Nathalie Vaxelaire: This point is crucial, because we're laying the foundations for an unprecedented openness of mind, because they're going to change career paths, because today people don't stay in the same company for 40 years. They're going to change, they're going to move, but they're also going to be able to progress because they've acquired the necessary foundations for this capacity to evolve. Companies also ensure that their employees receive training throughout their professional careers. As I mentioned earlier, technologies, tools and equipment change rapidly. Offering employees the opportunity to acquire and develop new skills also means enabling them to continue to flourish within the company. It's a win-win situation for both the company and the employees, who have acquired the foundations that will enable them to progress and evolve without difficulty.
The industrial professions are also at the heart of gender diversity objectives: in the light of your respective experiences, do you see a new expression of parity?
Nathalie Vaxelaire: Women are already present in the technical professions in our industries, but we're not sufficiently aware of this. So yes, we do have room for improvement, and we're working on it. We need to make more room for women, without resorting to quotas whose effects can be pernicious. At European level, in terms of industrial activity, we are 7th in terms of feminization! So we can do better. We'll tell you all about it at Show Industrie. In this respect, I invite girls and young women to dare to embark on scientific and technical careers. We're going to show them that industrial companies are places of fulfillment, social mobility and meaningful work, where women already have their place...and there's still room for them! We're ready to commit to interviewing young women when we're recruiting. But I admit that it's not always easy when the number of women engineers only represents a third of graduates. Here too, we have a major challenge, along with the University: to get more girls to choose scientific and technical subjects. And it all starts in high school.

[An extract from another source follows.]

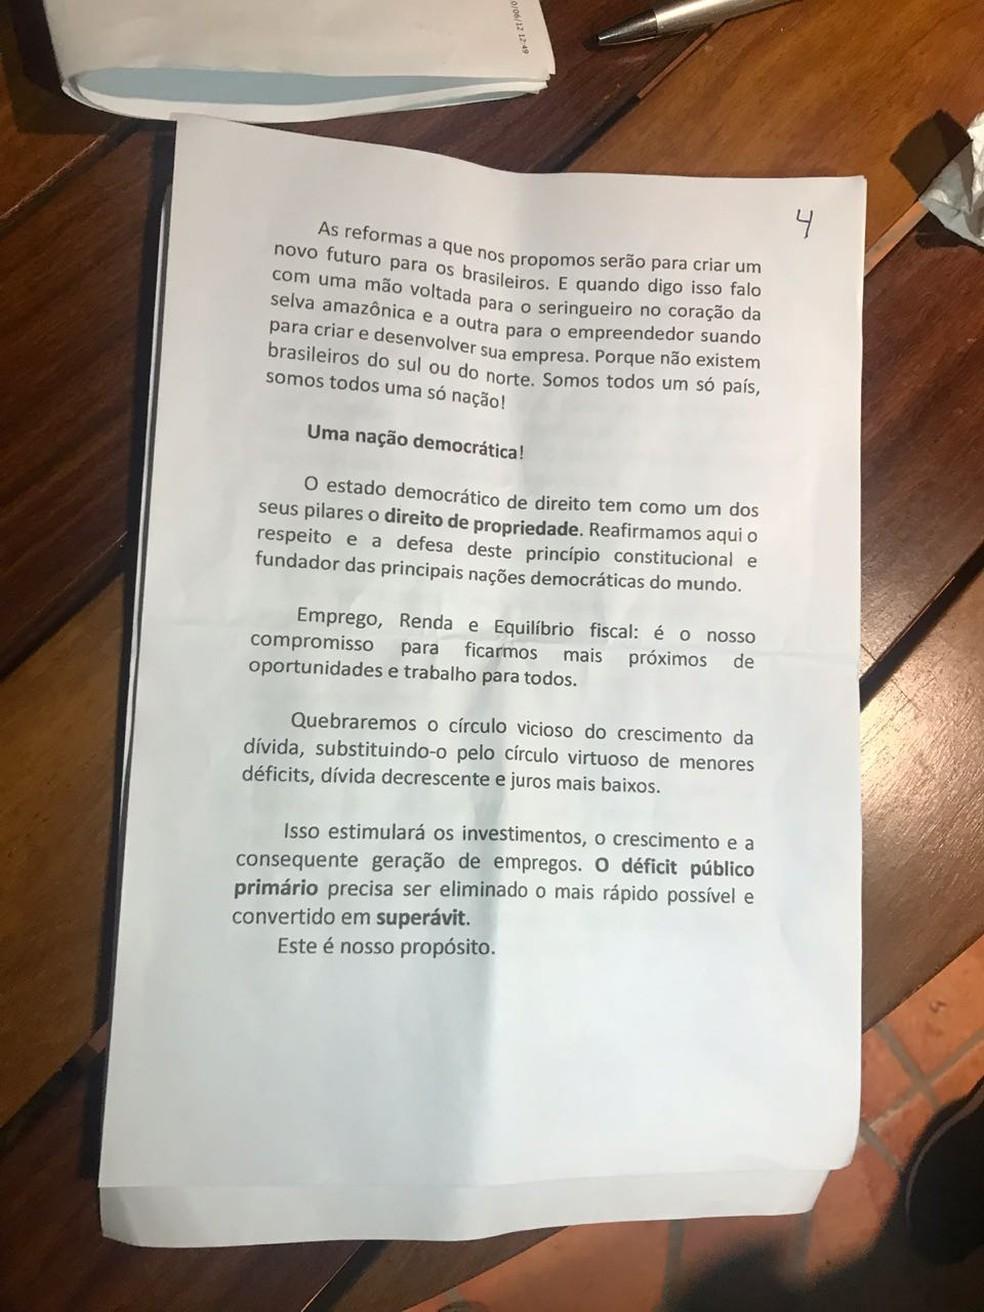 Discurso de Bolsonaro - página 4 — Foto: Reprodução
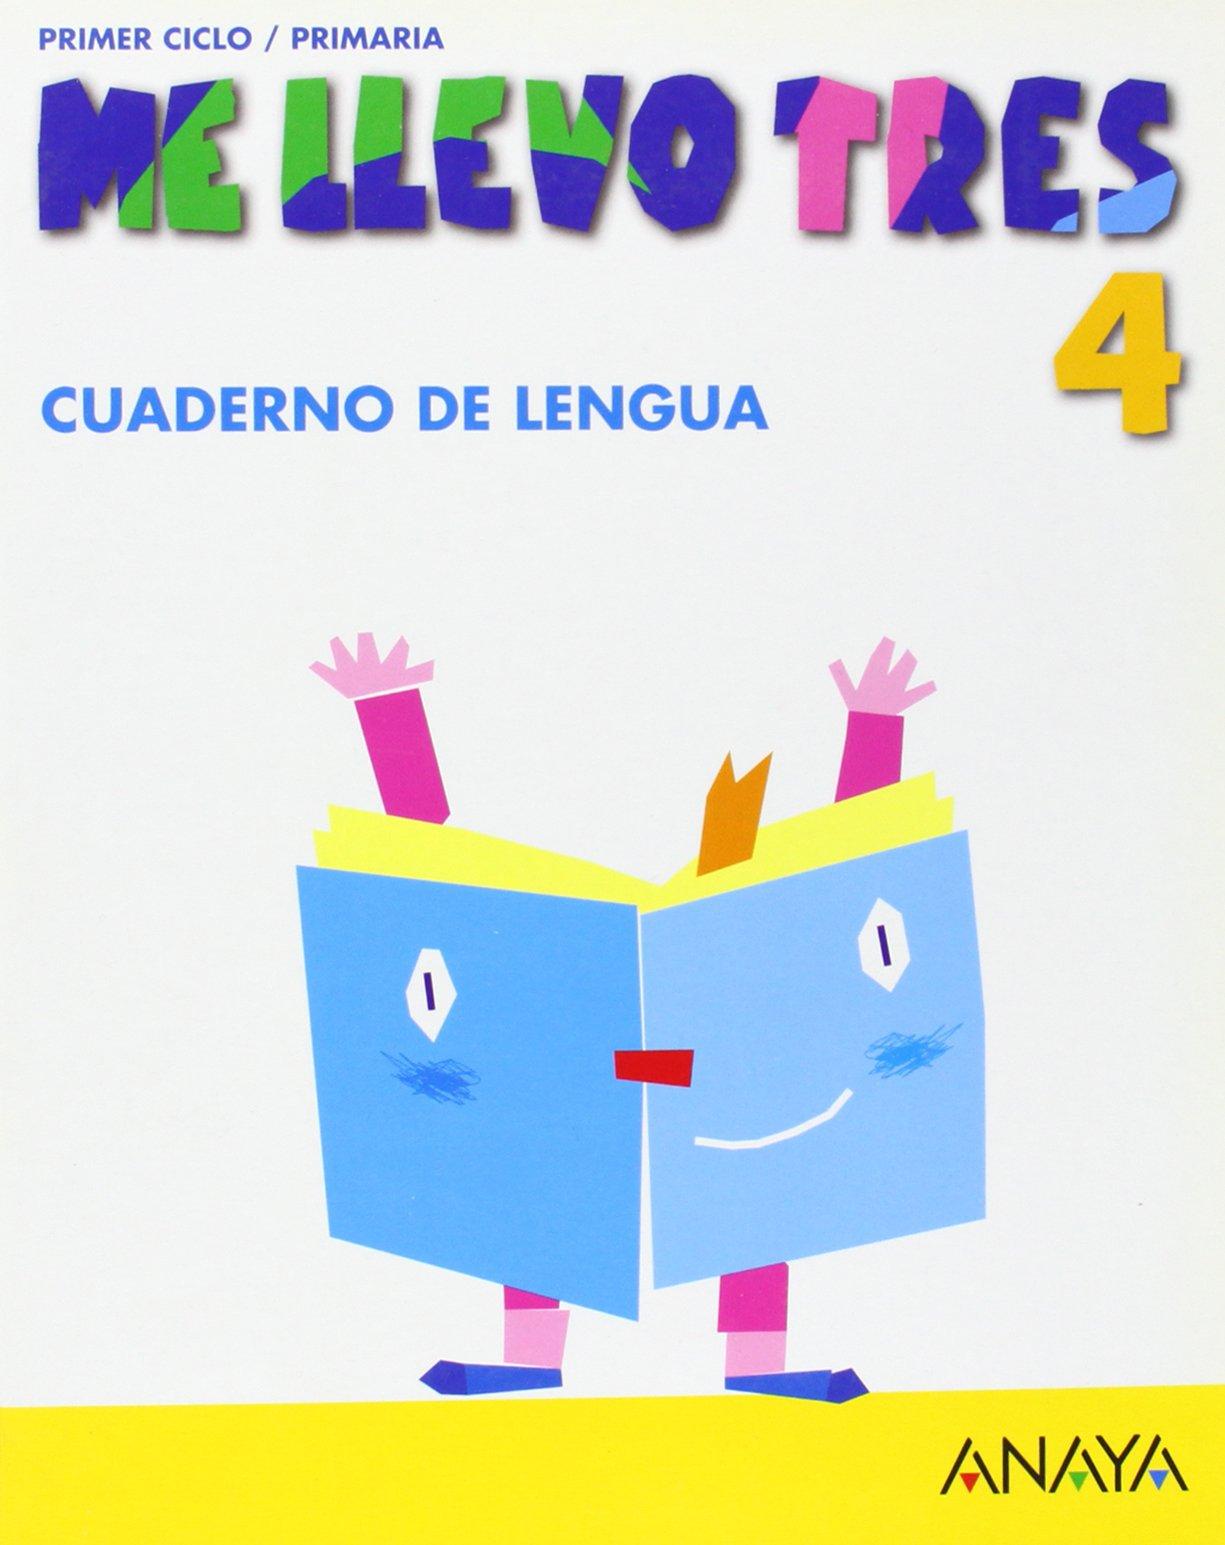 Cuaderno de Lengua 4: María de los Ángeles; Sáenz de Urturi Montemayor, María José González Soler: 9788466756037: Amazon.com: Books

Hélène Boulanger: It depends on the course of study, because in some places we have the opposite problem, with too few boys, and this also happens in engineering courses.
Nathalie Vaxelaire: I couldn't agree more. But you have to admit that you have a lot of girls in the agri-food sector, whereas in the more technical sectors, there will be more boys, just like in IT. It's important that this becomes a focus of interest for them too.
Hélène Boulanger: The first computer researchers, the people who brought about the birth of computing, were precisely women. I think we all remember the story of those black American women at NASA in that wonderful film, "Les figures de l'ombre".
Nathalie Vaxelaire: We have many wonderful examples of women who have been advancing the cause of women for over a century. I'm thinking in particular of Marie Curie: two Nobel Prize winners and the first woman to head a university laboratory. It's worth remembering that she left her country to study in France, because in Poland women were not allowed to enter university. This is a benchmark example, and there are so many others! They are role models for today's young women, inspiring them to take up scientific and technical studies. And paradoxically, for many young girls, their interest in science leads them, more often than not, into the health field. We need to encourage them and stimulate their interest in industry. They're perfectly legitimate! They often have a reserve that honors them but does them a disservice. For example, I've often noticed that if you offer a man a promotion, he'll take it straight away. A woman, on the other hand, is more likely to ask questions about her skills in relation to the position. And if she thinks she hasn't ticked all the boxes, she won't go for it! We also need to help women gain self-confidence. Careers are open to them. For them too, there are nothing but opportunities!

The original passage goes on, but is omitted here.